Он бы с радостью предложил ей сегодня вечером снова вернуться в тот старинный дом с камином. С радостью признался бы ей, что пленен, что невероятно счастлив был сегодняшним утром. И что давно уже не испытывал ничего подобного. Но не мог! Не мог, черт косноязычный! Рапортовать, допрашивать – это запросто. А говорить с женщиной, которая нравилась и которую засмущал сегодня утром до обморока, не мог!
– Спрашивай, Игорь.
Маша поняла, что не услышит ничего такого. Шпагин полицейский, он никогда не забывал об этом. И помнил, наверняка помнил, целуя ее, что она по-прежнему главная подозреваемая в деле о нападении на своего отца.
– Я уже неприлично опаздываю, Игорь, – поторопила его Маша.

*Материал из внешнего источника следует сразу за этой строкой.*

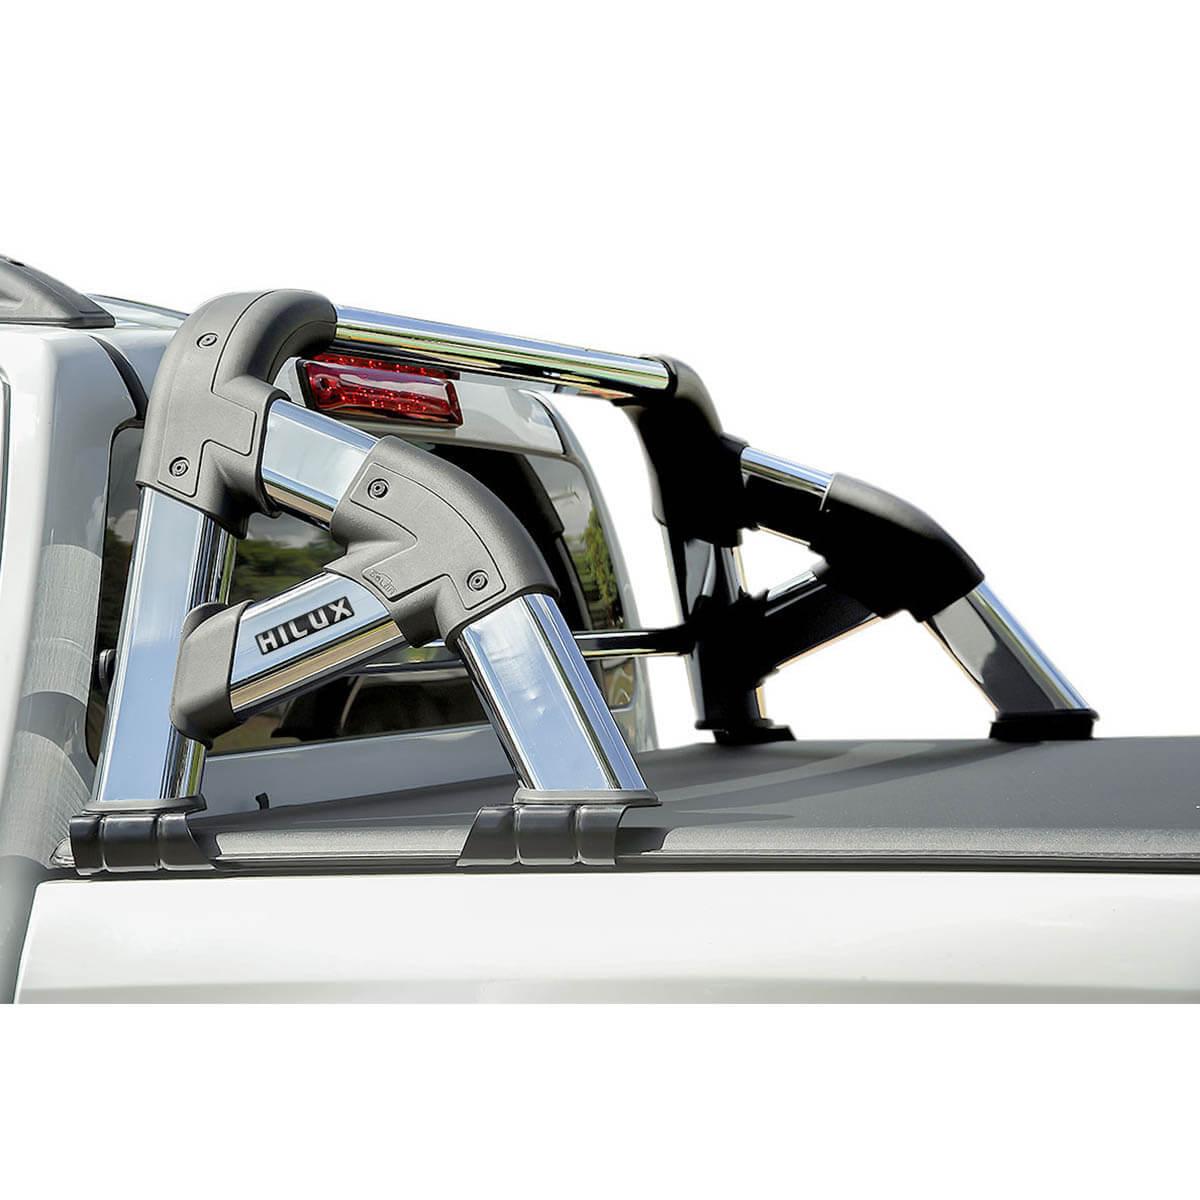 Santo antônio cromado Solar Exclusive Nova Hilux 2016 a 2021 com barra de vidro
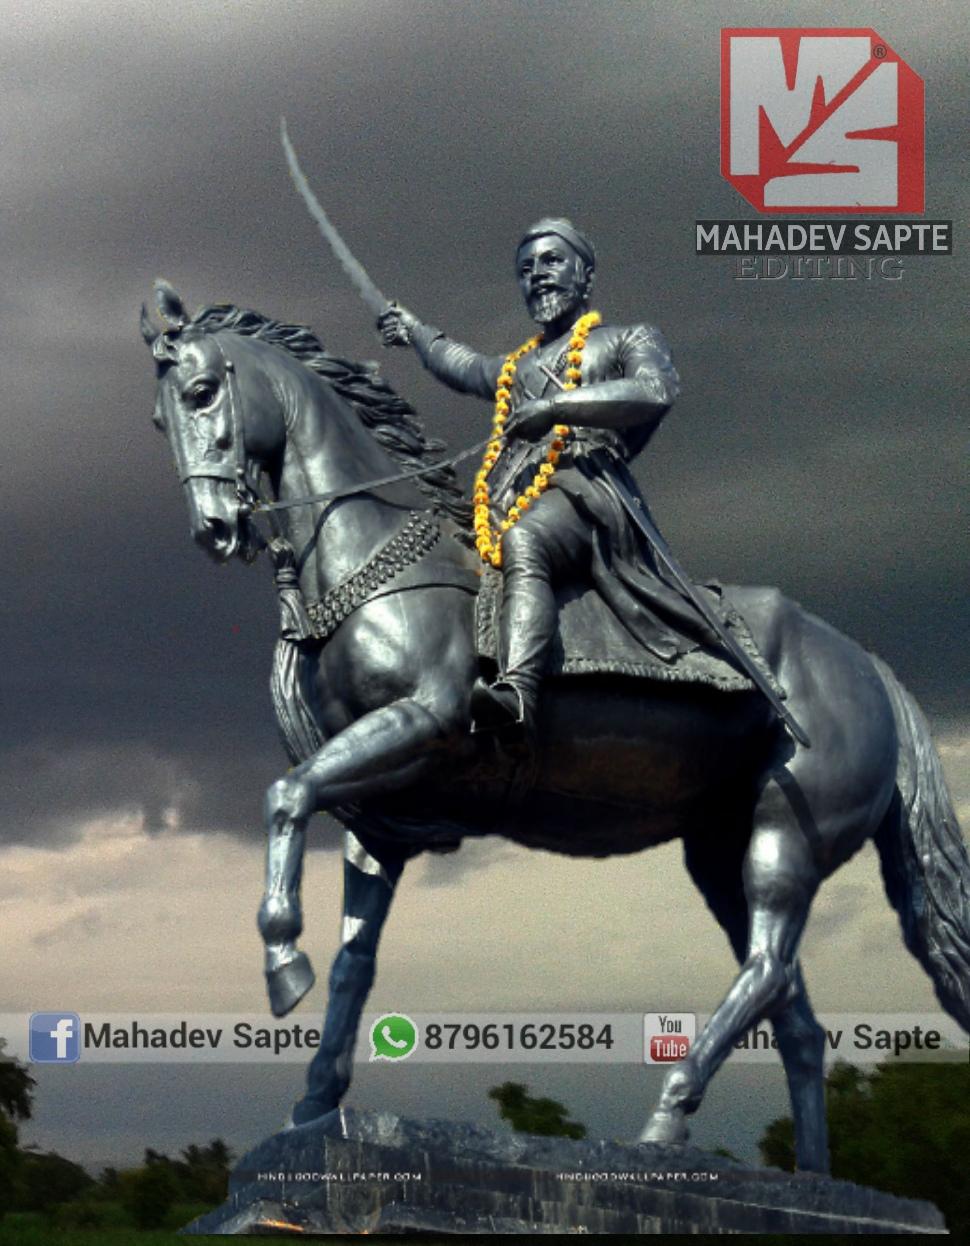 Hd wallpaper shivaji maharaj - Shivaji Maharaj New Hd Photos

Торчать в идиотской позе цапли под обстрелом любопытных, застывших у окон, ей было неловко. И поза неловкая, и ситуация. И еще ей очень хотелось в душ, она успела только умыться ледяной водой. И кофе хотелось. Огромную литровую кружку. И чтобы с сахаром и без молока. Можно с булочкой, со сладкой липкой от помадки корочкой.
– Ты вчера что-то хотела рассказать мне, – вдруг вспомнил он и выдохнул с облегчением. – Может… Может, сегодня расскажешь?
– Сегодня? А… А когда?
– Вечером. Я встречу тебя, – с уверенностью, что делает все верно и по правилам, проговорил Шпагин. – Нам же есть о чем поговорить, так?
– Наверное.
Она пожала плечами, отобрала у него свою руку и выбралась, наконец, на улицу. В окне на первом этаже ее подъезда уже вырос третий силуэт.
– Да! К тому же мы должны с тобой навестить тот самый ювелирный магазин, где предположительно побывала перед смертью твоя подруга.
– Неподалеку от моего дома три ювелирных магазина. Один лучше другого. – Маша вздохнула, плотно прижала к боку сумочку. – Можно начать с того, что ближе к дому.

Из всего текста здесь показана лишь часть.